ABOUT THIS TASK:
From the listing below, pull each line that includes "silver".

ENTRIES SUPPLIED:

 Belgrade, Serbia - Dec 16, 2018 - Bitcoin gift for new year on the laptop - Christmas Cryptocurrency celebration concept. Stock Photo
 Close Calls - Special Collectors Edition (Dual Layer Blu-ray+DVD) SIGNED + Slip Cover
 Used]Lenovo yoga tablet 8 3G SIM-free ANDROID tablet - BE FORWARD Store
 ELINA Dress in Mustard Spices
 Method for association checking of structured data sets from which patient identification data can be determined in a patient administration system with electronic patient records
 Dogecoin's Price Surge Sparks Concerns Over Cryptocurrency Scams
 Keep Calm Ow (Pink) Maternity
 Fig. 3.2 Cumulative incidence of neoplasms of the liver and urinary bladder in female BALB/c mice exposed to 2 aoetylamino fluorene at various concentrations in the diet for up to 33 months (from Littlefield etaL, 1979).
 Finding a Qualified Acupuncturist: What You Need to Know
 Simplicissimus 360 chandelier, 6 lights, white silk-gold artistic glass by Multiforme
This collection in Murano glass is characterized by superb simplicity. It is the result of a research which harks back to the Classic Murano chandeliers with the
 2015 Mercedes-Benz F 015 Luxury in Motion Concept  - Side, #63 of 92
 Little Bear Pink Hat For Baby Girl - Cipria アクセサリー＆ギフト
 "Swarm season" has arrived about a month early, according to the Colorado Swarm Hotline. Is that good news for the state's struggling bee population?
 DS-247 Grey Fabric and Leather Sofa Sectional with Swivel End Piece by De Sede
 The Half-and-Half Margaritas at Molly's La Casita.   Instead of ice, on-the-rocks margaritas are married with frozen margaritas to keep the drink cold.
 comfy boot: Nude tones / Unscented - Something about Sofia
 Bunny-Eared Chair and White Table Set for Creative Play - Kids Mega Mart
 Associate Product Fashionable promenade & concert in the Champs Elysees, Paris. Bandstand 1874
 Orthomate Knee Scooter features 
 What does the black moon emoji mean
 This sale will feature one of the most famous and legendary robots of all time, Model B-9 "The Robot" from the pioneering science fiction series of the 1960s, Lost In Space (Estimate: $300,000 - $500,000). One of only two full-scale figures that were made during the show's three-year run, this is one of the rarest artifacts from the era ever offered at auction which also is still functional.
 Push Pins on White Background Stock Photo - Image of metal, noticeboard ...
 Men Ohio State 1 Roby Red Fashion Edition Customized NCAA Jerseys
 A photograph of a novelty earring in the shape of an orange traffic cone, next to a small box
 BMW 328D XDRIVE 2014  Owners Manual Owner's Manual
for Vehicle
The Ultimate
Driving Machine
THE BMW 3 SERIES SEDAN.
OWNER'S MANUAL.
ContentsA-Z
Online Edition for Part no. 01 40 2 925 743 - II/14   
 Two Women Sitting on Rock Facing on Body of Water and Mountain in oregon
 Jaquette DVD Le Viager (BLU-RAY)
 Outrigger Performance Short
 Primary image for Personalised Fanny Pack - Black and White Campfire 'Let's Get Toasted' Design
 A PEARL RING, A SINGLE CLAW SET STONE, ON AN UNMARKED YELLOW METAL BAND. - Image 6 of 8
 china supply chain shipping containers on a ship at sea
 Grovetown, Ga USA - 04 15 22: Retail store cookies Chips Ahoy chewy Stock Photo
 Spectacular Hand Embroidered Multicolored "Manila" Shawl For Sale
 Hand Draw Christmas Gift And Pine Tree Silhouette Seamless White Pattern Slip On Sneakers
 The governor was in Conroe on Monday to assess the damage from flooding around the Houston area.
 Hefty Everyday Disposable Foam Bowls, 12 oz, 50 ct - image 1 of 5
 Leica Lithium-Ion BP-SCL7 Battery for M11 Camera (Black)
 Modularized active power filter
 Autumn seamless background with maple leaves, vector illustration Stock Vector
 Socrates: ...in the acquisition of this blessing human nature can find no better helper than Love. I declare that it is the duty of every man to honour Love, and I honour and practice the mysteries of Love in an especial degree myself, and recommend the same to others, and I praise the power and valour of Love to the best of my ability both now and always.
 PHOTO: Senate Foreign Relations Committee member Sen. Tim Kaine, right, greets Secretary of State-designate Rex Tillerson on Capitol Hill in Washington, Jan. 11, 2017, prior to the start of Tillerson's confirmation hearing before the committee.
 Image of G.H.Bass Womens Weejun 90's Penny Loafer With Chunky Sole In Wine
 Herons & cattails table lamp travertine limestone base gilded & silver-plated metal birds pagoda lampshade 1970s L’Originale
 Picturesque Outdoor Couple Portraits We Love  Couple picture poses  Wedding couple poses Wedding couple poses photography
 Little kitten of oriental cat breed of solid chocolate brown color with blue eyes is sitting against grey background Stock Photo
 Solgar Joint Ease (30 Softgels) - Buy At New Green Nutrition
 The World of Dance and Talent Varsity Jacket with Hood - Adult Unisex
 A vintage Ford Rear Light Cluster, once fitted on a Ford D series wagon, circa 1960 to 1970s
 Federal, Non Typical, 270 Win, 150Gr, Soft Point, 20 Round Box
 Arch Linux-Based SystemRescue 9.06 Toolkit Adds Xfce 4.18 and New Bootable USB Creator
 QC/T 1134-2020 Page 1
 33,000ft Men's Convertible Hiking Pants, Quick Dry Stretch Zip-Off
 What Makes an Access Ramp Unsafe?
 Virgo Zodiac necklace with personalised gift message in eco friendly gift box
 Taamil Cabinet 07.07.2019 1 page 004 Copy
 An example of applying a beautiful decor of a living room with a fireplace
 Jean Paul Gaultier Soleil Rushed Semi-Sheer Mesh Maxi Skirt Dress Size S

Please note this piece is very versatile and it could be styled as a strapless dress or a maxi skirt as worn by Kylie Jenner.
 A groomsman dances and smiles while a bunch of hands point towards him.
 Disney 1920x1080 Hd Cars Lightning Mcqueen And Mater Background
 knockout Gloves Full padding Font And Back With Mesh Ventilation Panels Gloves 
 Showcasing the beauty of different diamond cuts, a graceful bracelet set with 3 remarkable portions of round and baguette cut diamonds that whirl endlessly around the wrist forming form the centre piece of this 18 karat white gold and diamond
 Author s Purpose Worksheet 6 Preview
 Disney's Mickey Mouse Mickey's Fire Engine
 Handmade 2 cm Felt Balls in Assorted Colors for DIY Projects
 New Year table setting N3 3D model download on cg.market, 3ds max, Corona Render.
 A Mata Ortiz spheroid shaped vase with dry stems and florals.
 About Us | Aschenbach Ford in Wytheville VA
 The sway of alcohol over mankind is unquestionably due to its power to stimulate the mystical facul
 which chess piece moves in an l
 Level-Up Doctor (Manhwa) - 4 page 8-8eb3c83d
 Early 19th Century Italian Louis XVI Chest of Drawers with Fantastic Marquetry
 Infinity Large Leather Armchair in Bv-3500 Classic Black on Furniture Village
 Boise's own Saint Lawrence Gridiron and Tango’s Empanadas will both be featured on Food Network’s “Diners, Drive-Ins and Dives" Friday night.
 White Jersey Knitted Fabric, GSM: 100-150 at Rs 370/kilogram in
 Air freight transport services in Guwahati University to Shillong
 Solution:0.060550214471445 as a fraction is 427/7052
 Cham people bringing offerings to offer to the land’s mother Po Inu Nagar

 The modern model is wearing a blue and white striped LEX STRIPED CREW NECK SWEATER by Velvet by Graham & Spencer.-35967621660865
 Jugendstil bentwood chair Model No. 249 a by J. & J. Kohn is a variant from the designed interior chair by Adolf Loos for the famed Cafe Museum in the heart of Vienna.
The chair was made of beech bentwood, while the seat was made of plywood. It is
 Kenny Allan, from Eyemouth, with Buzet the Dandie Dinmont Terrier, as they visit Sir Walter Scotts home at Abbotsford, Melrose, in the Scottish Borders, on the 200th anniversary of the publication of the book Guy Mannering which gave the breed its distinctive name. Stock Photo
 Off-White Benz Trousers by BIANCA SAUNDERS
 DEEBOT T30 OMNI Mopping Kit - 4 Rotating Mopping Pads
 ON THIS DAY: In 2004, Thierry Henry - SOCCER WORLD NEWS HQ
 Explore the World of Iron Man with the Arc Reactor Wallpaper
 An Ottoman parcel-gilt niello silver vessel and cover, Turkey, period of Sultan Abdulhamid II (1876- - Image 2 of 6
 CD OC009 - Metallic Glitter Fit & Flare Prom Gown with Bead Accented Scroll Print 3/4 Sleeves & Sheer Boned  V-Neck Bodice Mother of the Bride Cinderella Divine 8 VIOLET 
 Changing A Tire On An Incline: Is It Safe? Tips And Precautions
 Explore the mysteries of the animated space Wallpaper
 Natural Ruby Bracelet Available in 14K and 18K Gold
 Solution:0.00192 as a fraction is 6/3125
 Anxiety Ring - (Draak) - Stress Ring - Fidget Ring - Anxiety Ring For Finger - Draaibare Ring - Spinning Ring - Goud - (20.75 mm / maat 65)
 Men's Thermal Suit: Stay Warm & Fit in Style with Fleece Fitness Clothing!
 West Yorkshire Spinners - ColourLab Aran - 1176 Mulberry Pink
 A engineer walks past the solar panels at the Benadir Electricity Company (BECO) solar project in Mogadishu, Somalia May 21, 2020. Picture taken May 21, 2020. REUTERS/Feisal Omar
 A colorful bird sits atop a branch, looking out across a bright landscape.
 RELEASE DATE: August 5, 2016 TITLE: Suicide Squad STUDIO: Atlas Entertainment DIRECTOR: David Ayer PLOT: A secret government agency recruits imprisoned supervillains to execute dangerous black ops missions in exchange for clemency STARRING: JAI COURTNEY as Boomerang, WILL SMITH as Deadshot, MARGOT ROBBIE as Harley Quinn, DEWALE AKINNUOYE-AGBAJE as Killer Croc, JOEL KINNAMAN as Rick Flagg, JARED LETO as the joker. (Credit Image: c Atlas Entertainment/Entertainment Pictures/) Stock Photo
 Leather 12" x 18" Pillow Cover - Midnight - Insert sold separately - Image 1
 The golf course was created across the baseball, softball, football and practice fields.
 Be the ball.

EXERCISE OUTPUT:
 Herons & cattails table lamp travertine limestone base gilded & silver-plated metal birds pagoda lampshade 1970s L’Originale
 An Ottoman parcel-gilt niello silver vessel and cover, Turkey, period of Sultan Abdulhamid II (1876- - Image 2 of 6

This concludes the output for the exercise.